The Racial Income Gap
Black Americans have always figured disproportionately among the nation's poor.
Of course, differences in incomes can have explanations apart from race. Even so, after other factors are accounted for, race still seems to play a role in how people fare financially.
A greater portion of white households have both a husband and wife present and have two or more wage-earners. So the question arises whether income ratios would change if black families had the same proportion of single parents and married couples as white households now do.
The answer is: No. Were this change to occur, the income for black families would only rise from $580 to $732 for each $1,000 earned by their white counterparts, not exactly an impressive improvement.
Usually, more education brings a higher income. But the catch for black men is that even when they reach the same academic level as white men, their incomes stay several steps behind. Hence the advice so often offered to blacks, that they should stay in school, seems valid only insofar as it informs them that with education they will move ahead of others of their own race.
Black women come much closer to parity with their white counterparts, making between $925 and $1,002 for each $1,000 earned by white women at their level.
The greater equity among women results largely from the fact that few women of either race rise far in the earnings hierarchy. The comparative status of black women warrants only a muted cheer: Achieving equality is easier with an underpaid cohort.
Measured in economic terms, the past two decades have not been auspicious for Americans of any race. Between 1970 and 1990, the median income for white families, computed in constant dollars, rose from $34,481 to $36,915, an increase of 8.7 percent. In these decades, black family income barely changed, going from $21,151 to $21,423.
In relative terms, black incomes dropped from $613 to $580 for each $1,000 received by whites.
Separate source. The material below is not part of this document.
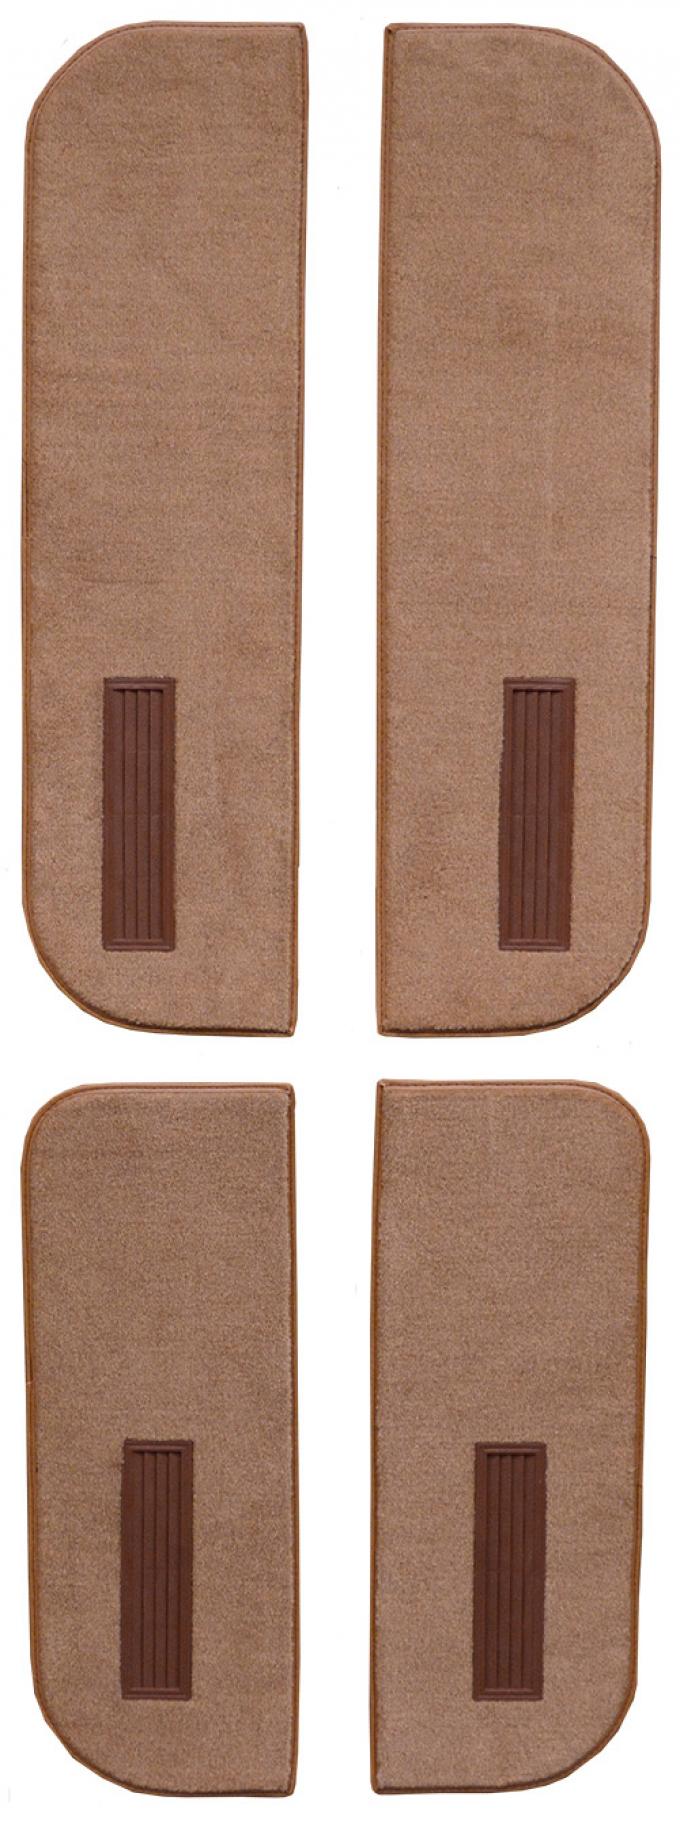 ACC 1979-1980 GMC K2500 Suburban Door Panel Inserts on Cardboard w/Vents 4pc Cutpile Carpet

The incomes of white men also dropped in this period, so if white families recorded a modest rise, it was because more of them had wives who went to work.
However, medians - like averages - can conceal important variations. Although during the two decades the proportion of black households with incomes over $50,000 expanded by 46 percent, that did not mean that many black men and women have jobs paying at that level. Indeed, only 3.4 percent of all black men make $50,000 or more; most $50,000 households result from two or more sets of earnings. In contrast, 12.1 percent of white men receive more than $50,000, and many more of them are the sole or dominant earners in their households.
So while there is now a much larger black middle class, more typically the husband is likely to be a bus driver earning $32,000, while his wife brings home $28,000 as a teacher or a nurse. A white middle-class family is three to four times more likely to contain a husband earning $75,000 in a managerial position, allowing him to support a nonworking wife.
It is not easy to visualize these two couples living on the same block, let alone becoming acquainted with one another.